Agency may either be classified as unconscious, involuntary behavior, or purposeful, goal directed activity (intentional action). An agent typically has some sort of immediate awareness of their physical activity and the goals that the activity is aimed at realizing. In ‘goal directed action’ an agent implements a kind of direct control or guidance over their own behavior.

Human agency

Agency is contrasted to objects reacting to natural forces involving only unthinking deterministic processes. In this respect, agency is subtly distinct from the concept of free will, the philosophical doctrine that our choices are not the product of causal chains, but are significantly free or undetermined. Human agency entails the claim that humans do in fact make decisions and enact them on the world. How humans come to make decisions, by free choice or other processes, is another issue.

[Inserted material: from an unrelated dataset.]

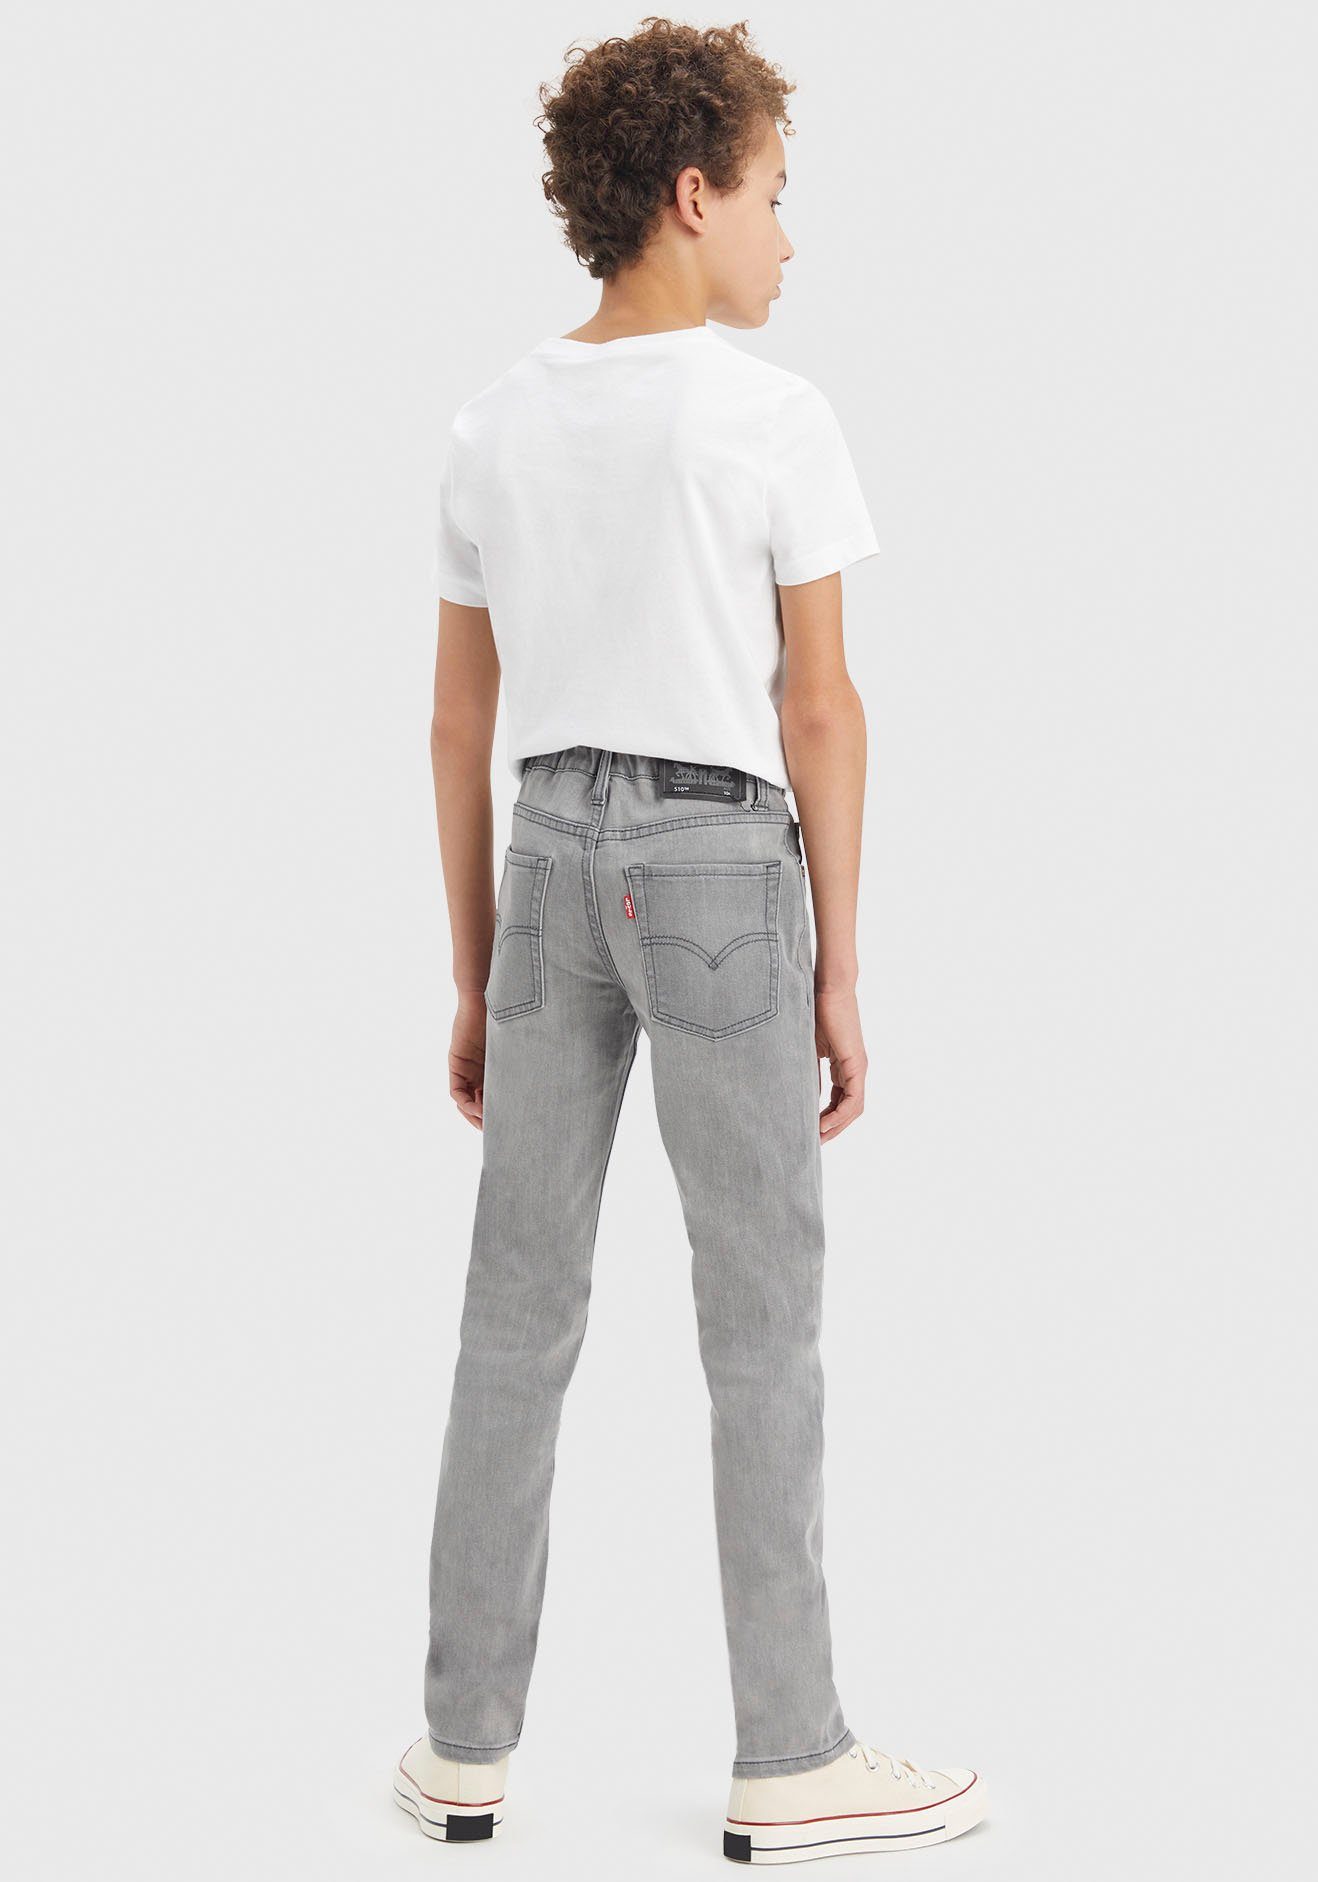 bett SKINNY grey JEANS BOYS is Skinny-fit-Jeans FIT Levi's® 510 for Kids

The capacity of a human to act as an agent is personal to that human, though considerations of the outcomes flowing from particular acts of human agency for us and others can then be thought to invest a moral component into a given situation wherein an agent has acted, and thus to involve moral agency. If a situation is the consequence of human decision making, persons may be under a duty to apply value judgments to the consequences of their decisions, and held to be responsible for those decisions. Human agency entitles the observer to ask should this have occurred? in a way that would be nonsensical in circumstances lacking human decisions-makers, for example, the impact of comet Shoemaker–Levy on Jupiter.

In philosophy
The philosophical discipline in charge of studying agency is action theory. In certain philosophical traditions (particularly those established by Hegel and Marx), human agency is a collective, historical dynamic, rather than a function arising out of individual behavior. Hegel's Geist and Marx's universal class are idealist and materialist expressions of this idea of humans treated as social beings, organized to act in concert. There is ongoing debate, philosophically derived in part from the works of Hume, between determinism and indeterminacy.

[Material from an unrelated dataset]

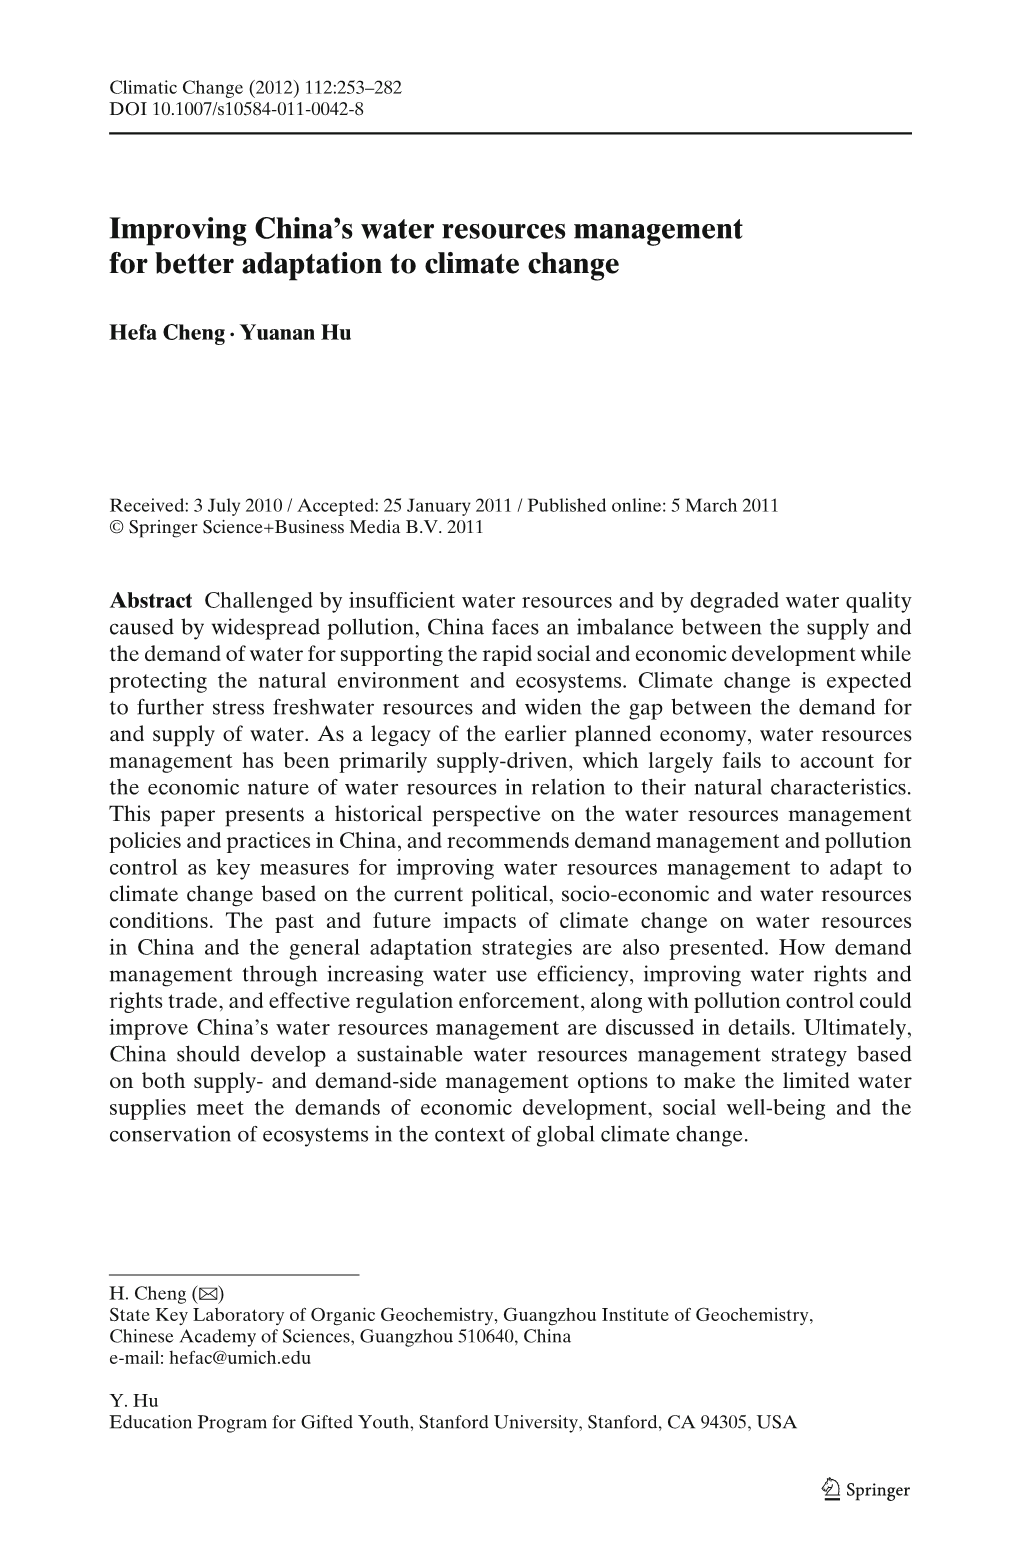 Cheng & Hu. 2012. China Water Resource Management

Structure and agency forms an enduring core debate in sociology. Essentially the same as in the Marxist conception, "agency" refers to the capacity of individuals to act independently and to make their own free choices, based on their will, whereas "structure" refers to those factors (such as social class, but also religion, gender, ethnicity, subculture, etc.) that seem to limit or influence the opportunities that individuals have.

In other sciences
Other notions of agency have arisen in the field of economics/management, psychology and social cybernetics:

In economics (contract theory)

Economic agency is an internal instrumentality through which external influences operate mechanistically on action. Internal agency events are a reflection of the impact of external environments from which causal attributes are ignored, and the self-system is simply a repository and conduit for environmental forces.

In psychology

The term of agency used in different fields of psychology with different meaning. It can refer to the ability of recognizing agents or attributing agency to objects based on simple perceptual cues or principles, for instance the principle of rationality, which holds that context-sensitive, goal-directed efficient actions are the crucial characteristics of agents. This topic is thoroughly investigated by developmental and comparative psychologists to understand how an observer is able to differentiate agentive entities from inanimate objects, but it can be also related to the term of autonomous intelligent agency used in cybernetics. Agency can also imply the sense of agency, that is the feeling of being in control.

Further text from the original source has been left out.